Columbia University has a long and distinguished history of Yiddish studies. But there are many more reasons to study Yiddish at Columbia:

  • Columbia University is one of the world's most important research universities. Its world-class departments in diverse fields like comparative literature, history, sociology, religion, and anthropology, as well as its strong commitment to interdisciplinary study, provides the opportunities to approach Yiddish studies in a truly comparative context. This assures Yiddish Studies a position at the forefront of critical and scholarly development. Additionally, Columbia's substantial collection of Yiddish-related books, periodicals, and microfilms makes it one of the leading places to do primary and secondary research in the field.
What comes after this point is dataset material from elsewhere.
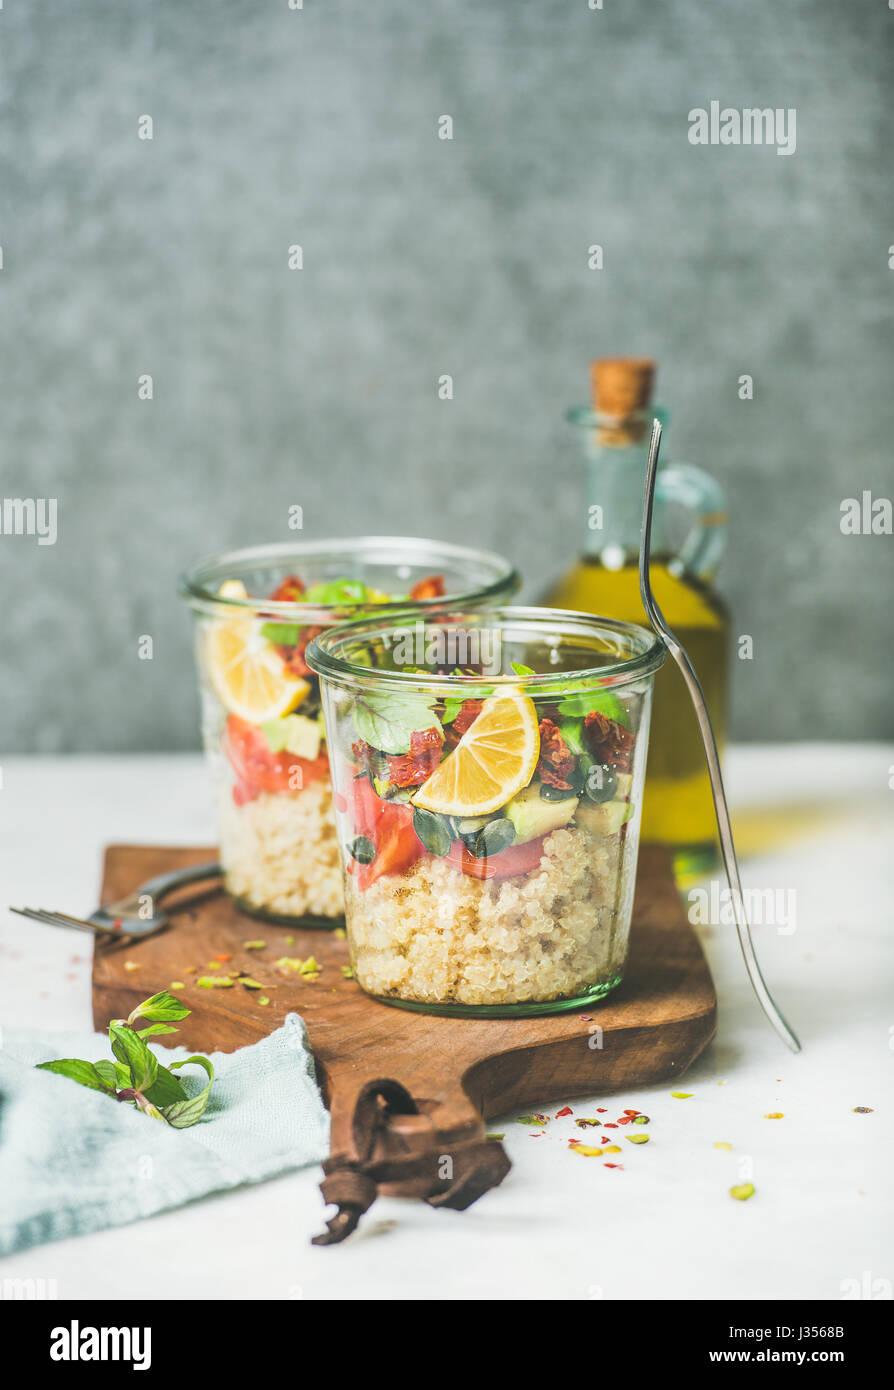 Insalata con quionoa, avocado, pomodori secchi, spazio di copia Immagini Stock

  • Columbia maintains a close relationship with the YIVO Institute for Jewish Research, allowing students to avail themselves of the world's largest library and archives relating to Yiddish culture. YIVO also offers special tutorials and courses, open to Columbia students, which complement University offerings.

  • Columbia undergraduates and graduate students can also register for Yiddish literature courses at the Jewish Theological Seminary a few blocks away, and take advantage of the Seminary's excellent library and rare Yiddish book collection.

  • New York City is a flourishing center for Yiddish literature, theater, and communal affairs. It's also the home of traditional religious communities which continue to speak in Yiddish. Columbia thus provides a natural home for students to study and to experience Yiddish literary and cultural activity.

  • Columbia is the home of the ongoing research project, The Language and Culture Atlas of Ashkenazic Jewry. The project's sound recordings of detailed and lengthy interviews with native Yiddish speakers, accompanied by transcripts and maps, represent the most extensive extant archival collection on the life and culture of Ashkenazic Jews. Under Marvin Herzog's direction, three volumes of a projected series have already been published, and recent efforts have guaranteed that material will not only be permanently preserved, but partially indexed and digitized for future research. This invaluable resource is available for research and study by Columbia students.